§ **Given information**
------------------------------------------------

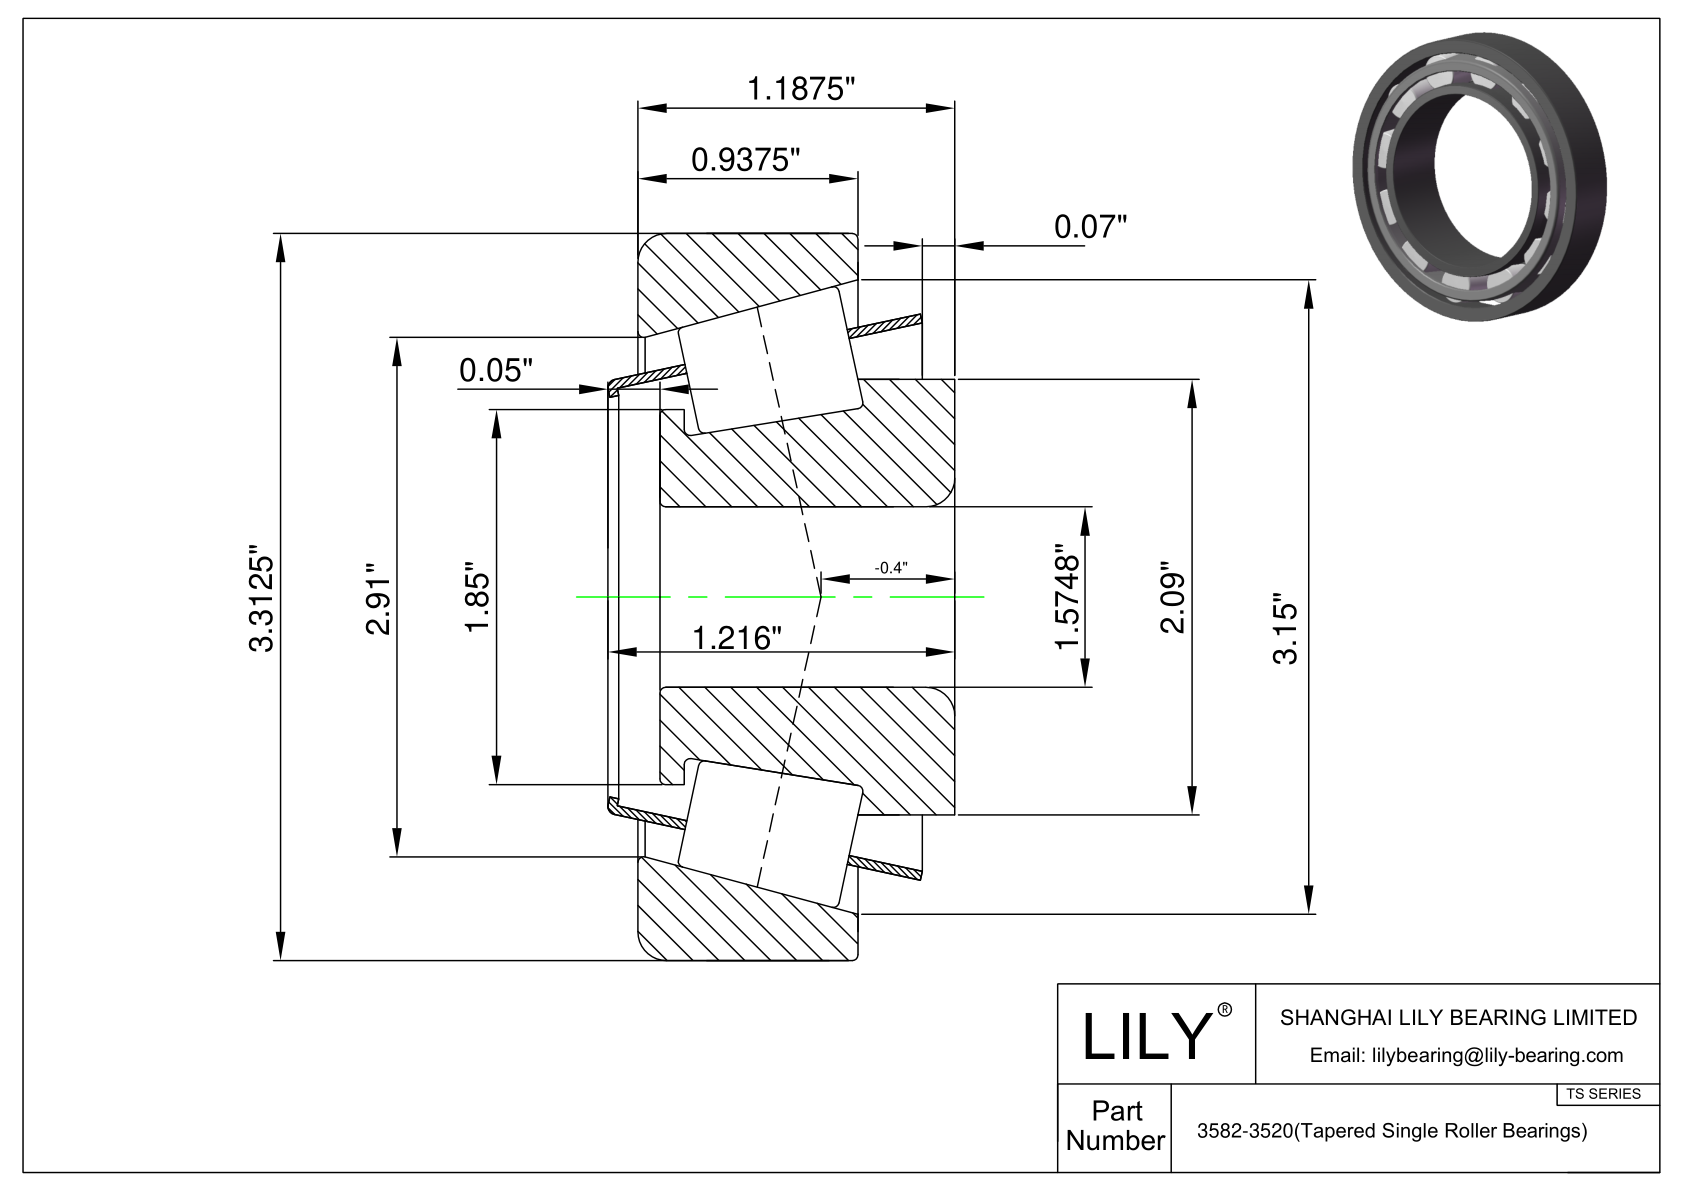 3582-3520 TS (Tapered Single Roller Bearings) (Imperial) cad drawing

------------------------------------------------

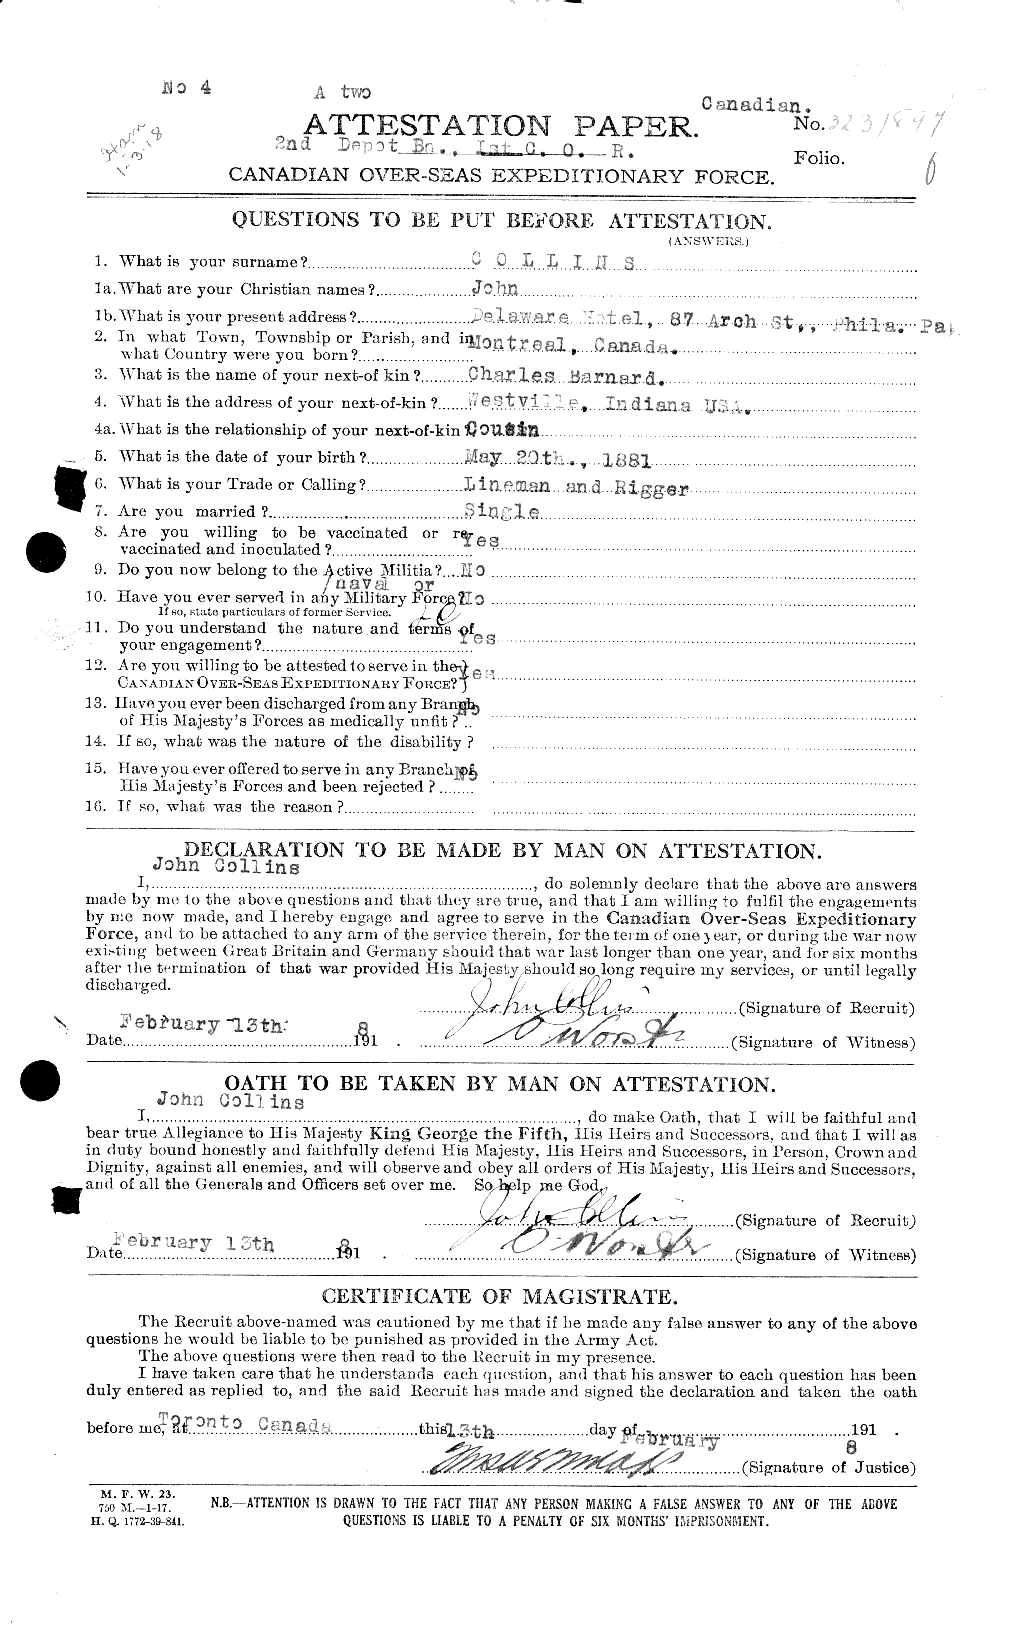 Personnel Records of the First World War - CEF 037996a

------------------------------------------------

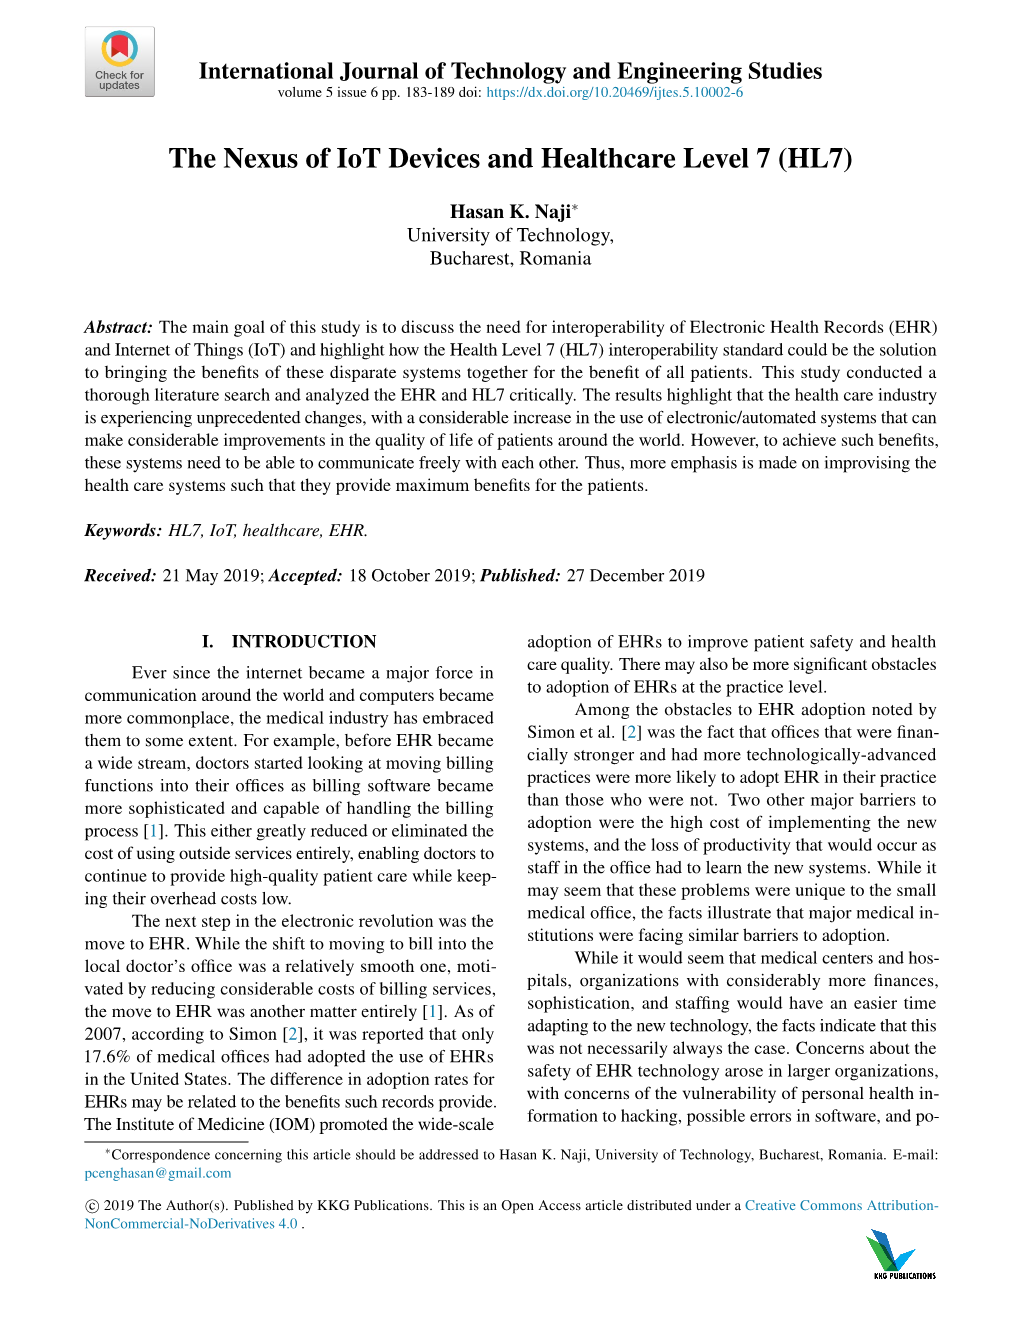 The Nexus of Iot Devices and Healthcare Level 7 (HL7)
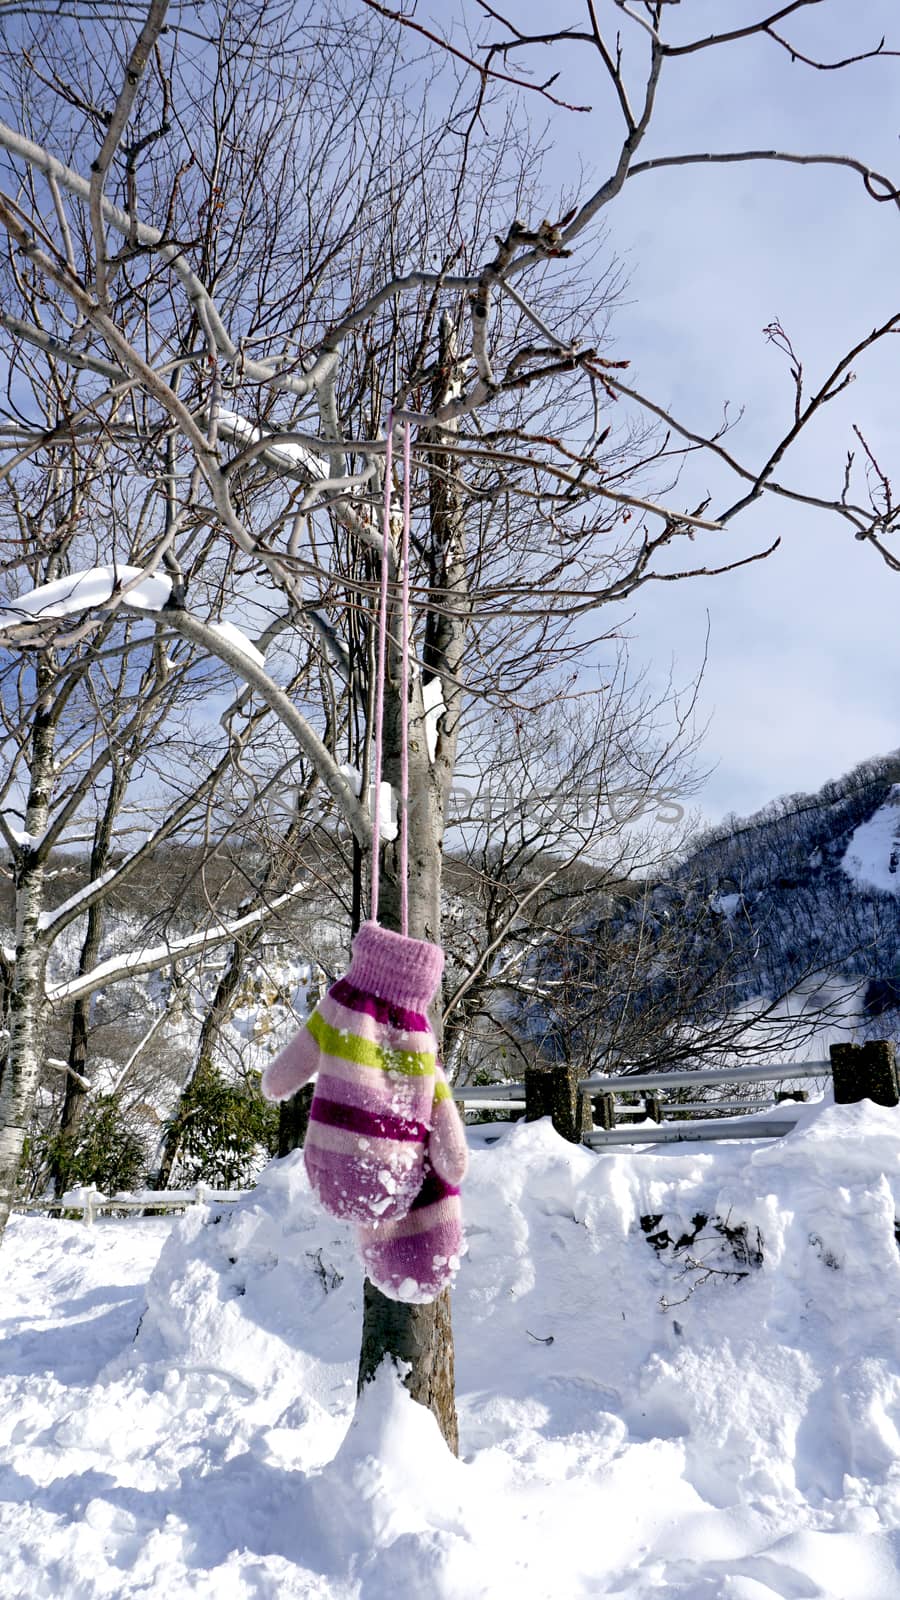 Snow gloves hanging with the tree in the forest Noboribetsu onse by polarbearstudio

------------------------------------------------

§ **Exercise requirements**
Since the pictures are not part of the copy, please transcribe only the lines above from the one with "The Nexus of" through the one with "Snow gloves hanging", exactly and with both ends.

§ **Answer to this exercise**
 The Nexus of Iot Devices and Healthcare Level 7 (HL7)
 Snow gloves hanging with the tree in the forest Noboribetsu onse by polarbearstudio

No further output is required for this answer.